AT this point, I wasn't so keen on having a relationship. I continued drinking, but I admitted to myself that I wasn't the nice guy I had thought I was: in fact, I was quite a dick. I thought of myself as mister nice guy but up close I was real asshole.
That was one of the most difficult realizations that I had ever had. I faced up to it  thugh and I embraced it. Oh, I didn't embrace being an asshole. I just admitted to myself that I, like most humans, had that capacity. And that while I must try not to be an asshole, in fact, I must also be aware that there was a time and a place for it.
Me in 1999
I hit a kind of rock bottom and I actually became homeless. By which I mean, to be clear, that I was forced to live in somebody's guest bedroom for a pittance. Thankfully I never slept on the street. At that time, utterly broke, starving, without the cigarettes I was addicted to, I suffered from a panic attack.
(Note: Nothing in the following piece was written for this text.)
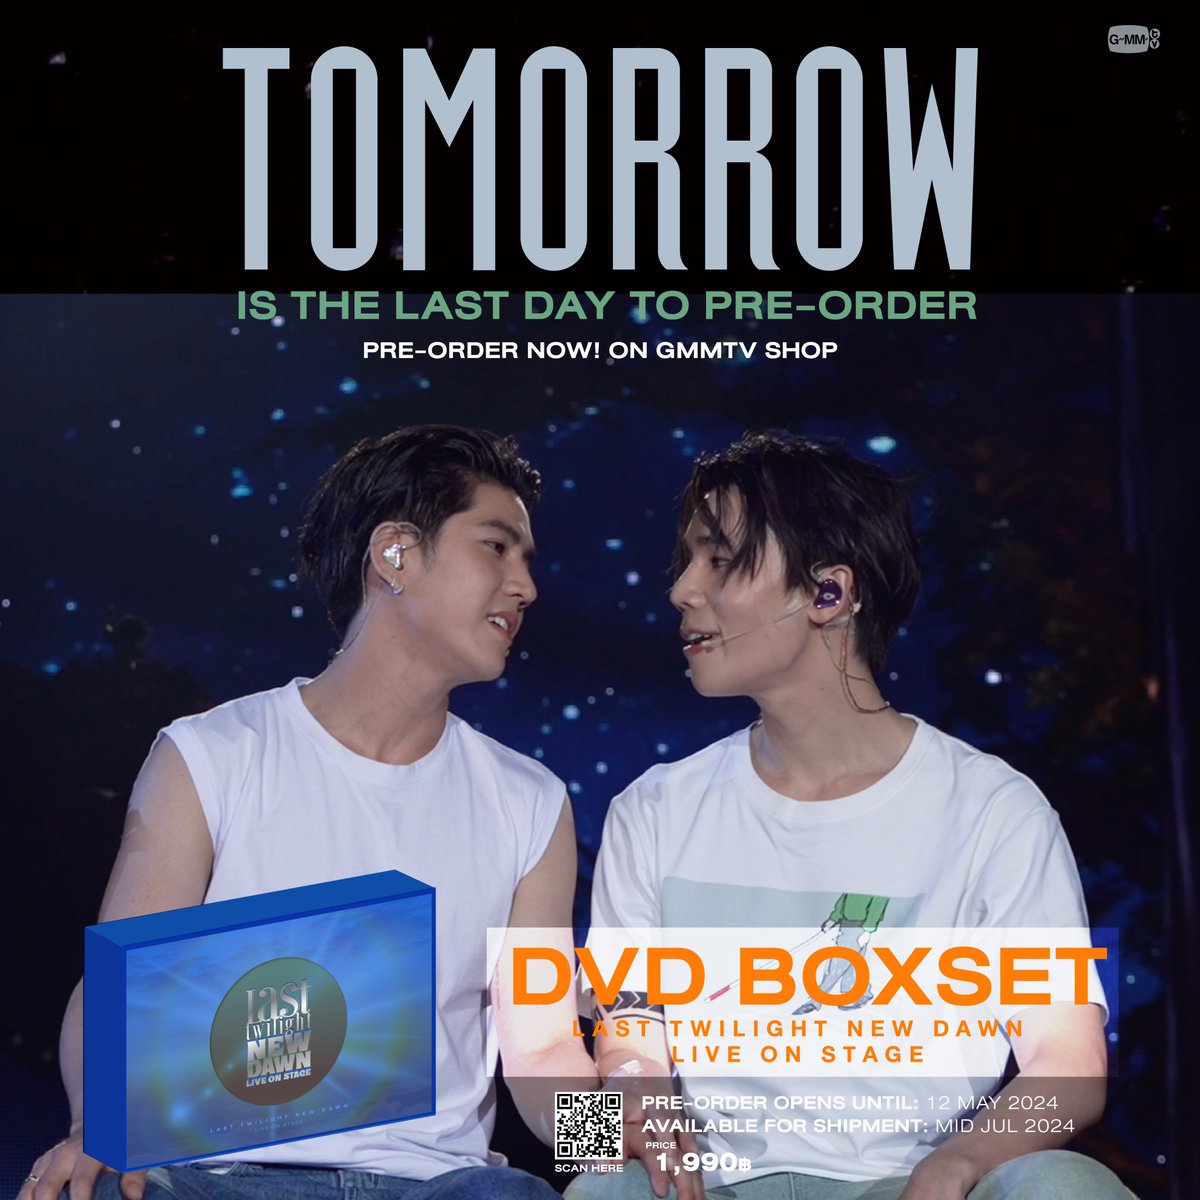 Tomorrow is your last chance to pre-order DVD BOXSET LAST TWILIGHT NEW DAWN LIVE ON STAGE! Head over there and do it now. DVD BOXSET LAST TWILIGHT NEW DAWN LIVE ON STAGE gmm-tv.com/shop/dvd-boxse… #LastTwilightOnStage #GMMTV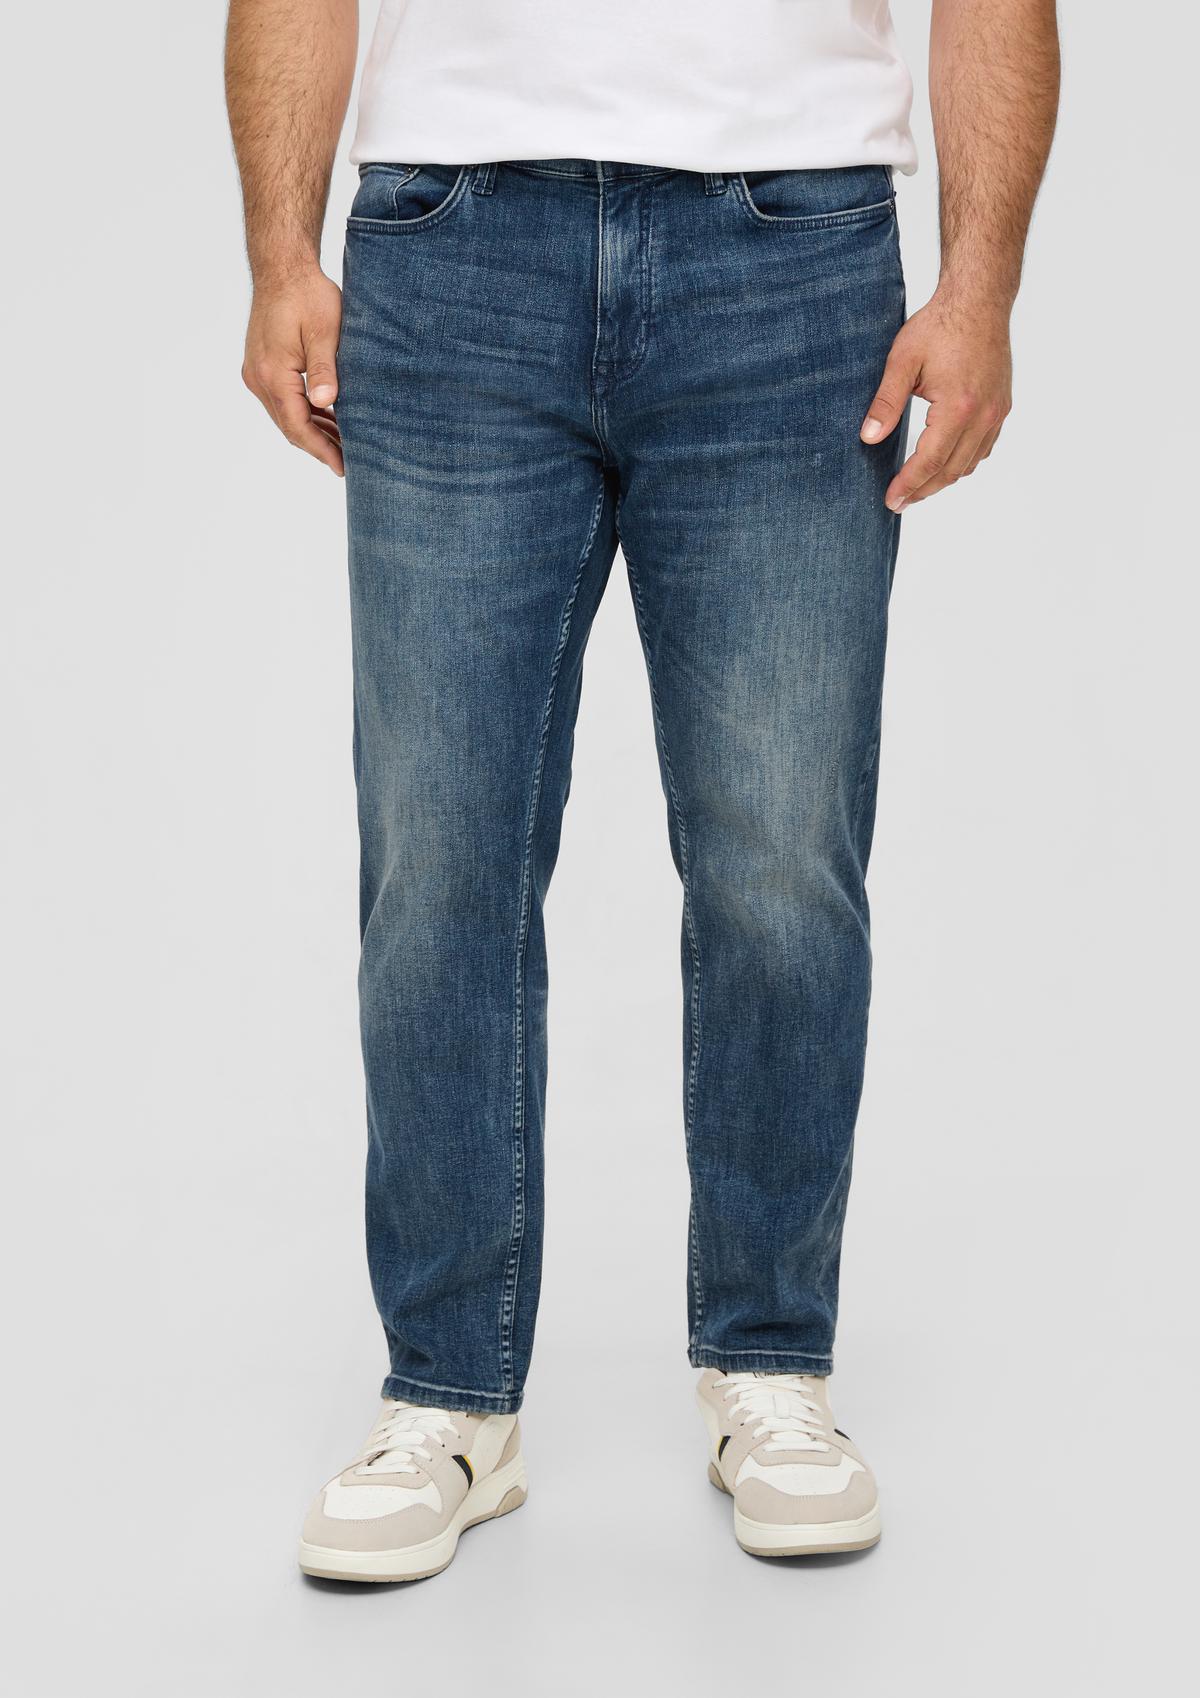 Jean Casby / Relaxed Fit / Straight Leg

I was literally staring at the ceiling in my darkened room and hyperventilating. 
Suddenly the thought occurred to me: What is the worst thing that could happen? Well, the worst thing that could happen was that I could die, came the reply. And how likely is that at this point? said the voice inside my head. Well...pretty unlikely, actually.
A great calm flowed through me. I smiled. I even laughed a little. And It was all uphill from there.
My sex life picked up. Big time. Freed from the necessity to behave like a 'nice guy'(which was really all about manipulating people around me)  women suddenly became interested in me. I suddenly had several lovers to gratify my sexual needs.  I took charge of my life and started taking steps to better my situation and  do the things I had always dreamed of.
At 33 I stopped drinking (which I had been doing heavily since my 30th birthday), realizing that I was on a pathway to alcoholism and that whatever benefit I felt from alcohol was outweighed by drawbacks of feeling like shit and having a difficult time getting up.
At 34 I entered a loving relationship which I'm still in and at 37 I started my own business which has given me a strong sense of control over my own life and also has made me feel more financially secure that I ever felt before. (Which is not to say I'm rich. Just that I live a normal middle-class lifestyle, which, growing up poor in the cold lonely Midwest I never thought I would achieve.)
At 39 my son Lukas was born, a fact which brings me joy and a new kind of fear almost every day.
My girlfriend and son, 2010
My thirties were awesome.
You see. what I needed was a change of paradigm. I needed to look at the world with fresh eyes. I had to completely change my position, my geographical location, I had to get to the bottom of the bottom and realize that everything I knew about myself and the world was, well, basically wrong. And I needed to realize that the things that I was hung up on were complete and utter bullshit.
And I needed love, I guess --because I grew up in a home where love was, well, not non-existent but it was rather under-pressure and a little warped.
Is life perfect no? No. Life is actually kind of boring.
I like it that way.
Oddly, at 45 I often feel sadly nostalgic for my twenties. I want them back! To be young again! The possibilities I felt! 
  This is the weird truth about mid-life crises, I think.
It's amusing to me that I look back at a time in my life marked by starvation, poverty, loneliness, emotional pain and drug use and yearn to have it back. Nostalgia is a drug like any other. Illusion.